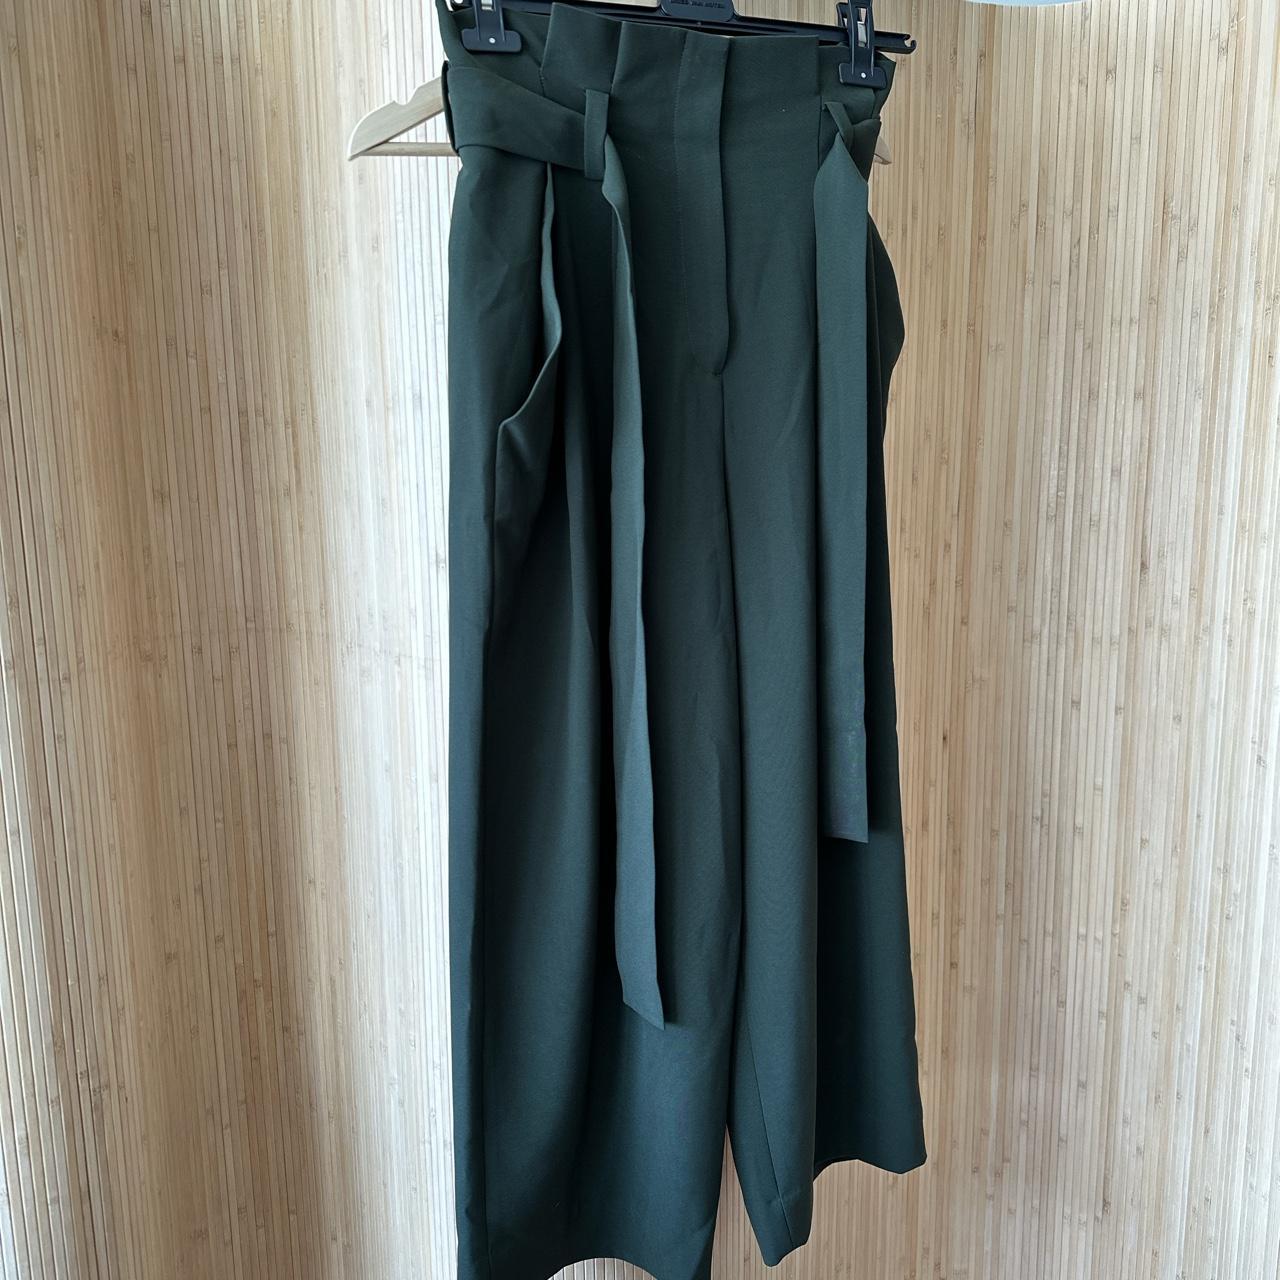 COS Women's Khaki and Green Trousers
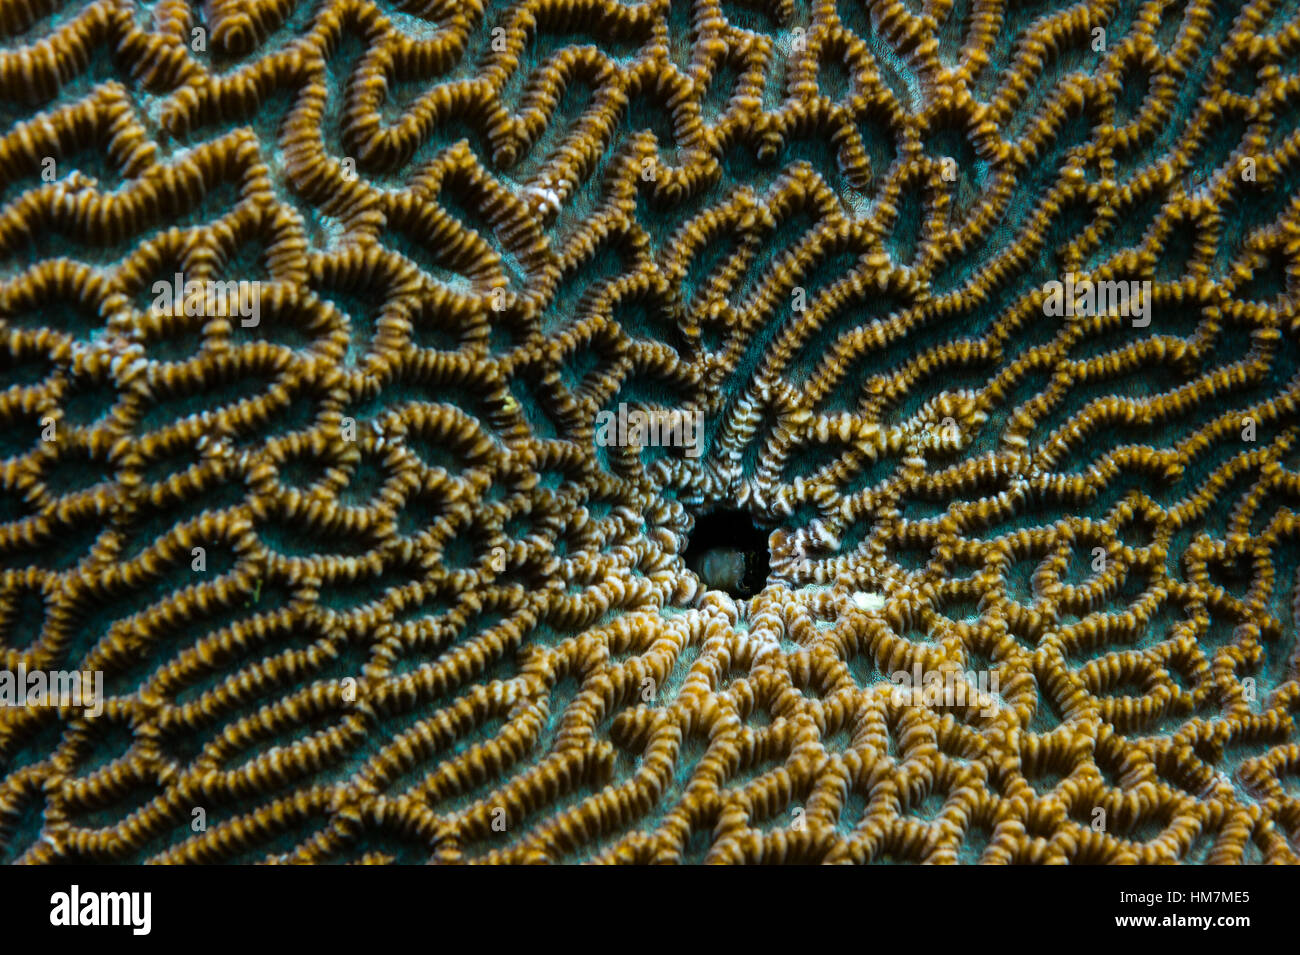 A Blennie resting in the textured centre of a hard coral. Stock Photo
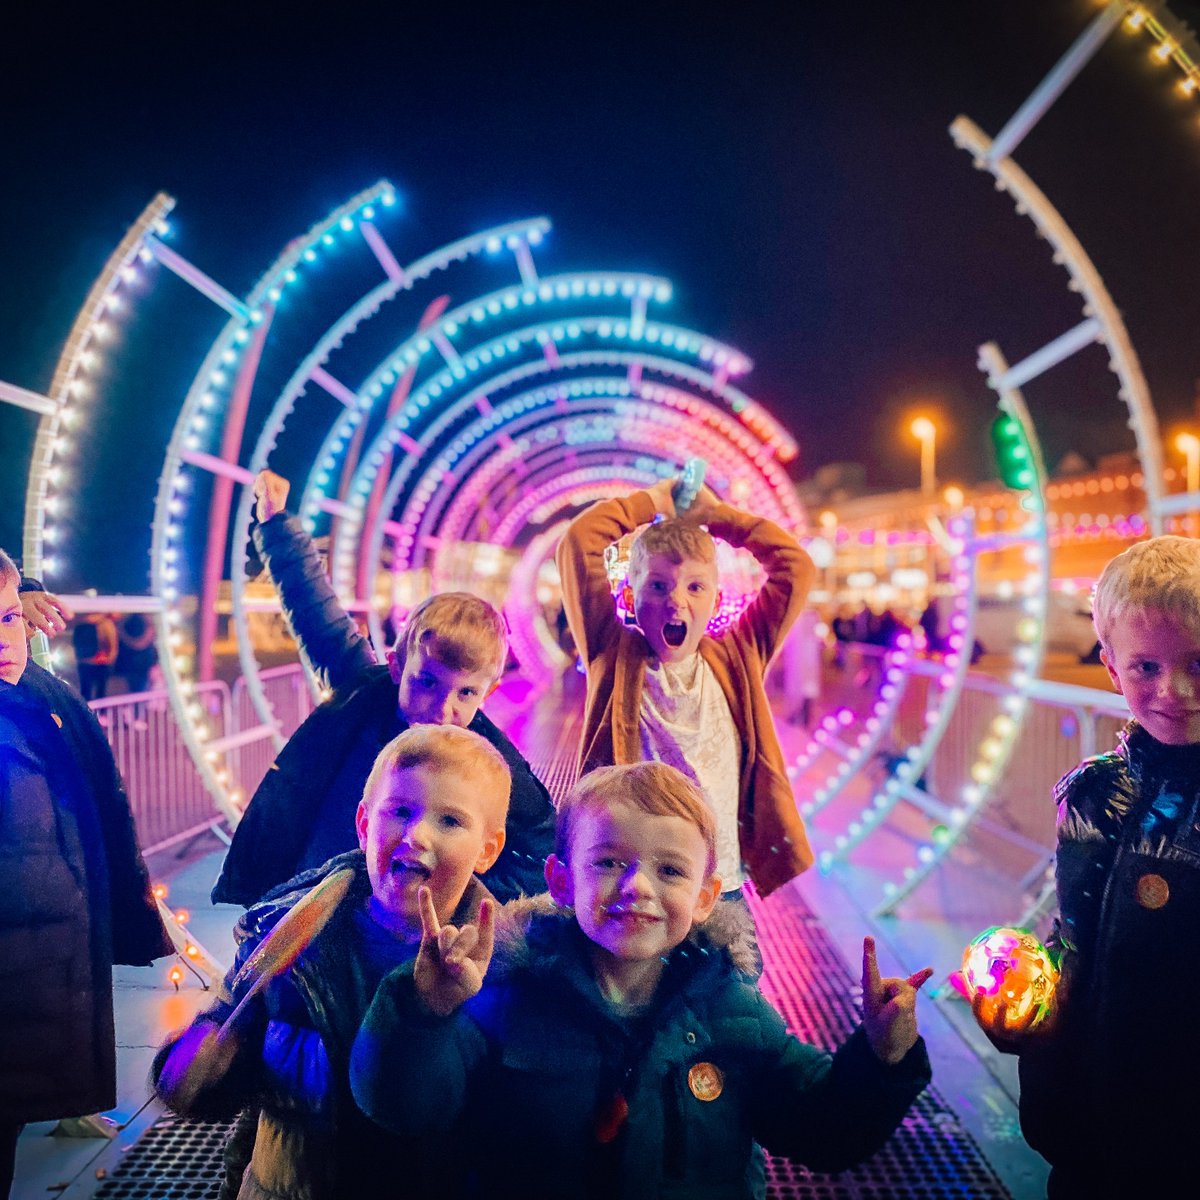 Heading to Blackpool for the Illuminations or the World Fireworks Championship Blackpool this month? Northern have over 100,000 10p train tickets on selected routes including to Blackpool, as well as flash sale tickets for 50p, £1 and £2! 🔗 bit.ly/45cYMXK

______________________________

About this exercise: Each line of the data above is to be output exactly; the pictures are not to appear.

Answer box:
 COS Women's Khaki and Green Trousers
 A Blennie resting in the textured centre of a hard coral. Stock Photo
 Heading to Blackpool for the Illuminations or the World Fireworks Championship Blackpool this month? Northern have over 100,000 10p train tickets on selected routes including to Blackpool, as well as flash sale tickets for 50p, £1 and £2! 🔗 bit.ly/45cYMXK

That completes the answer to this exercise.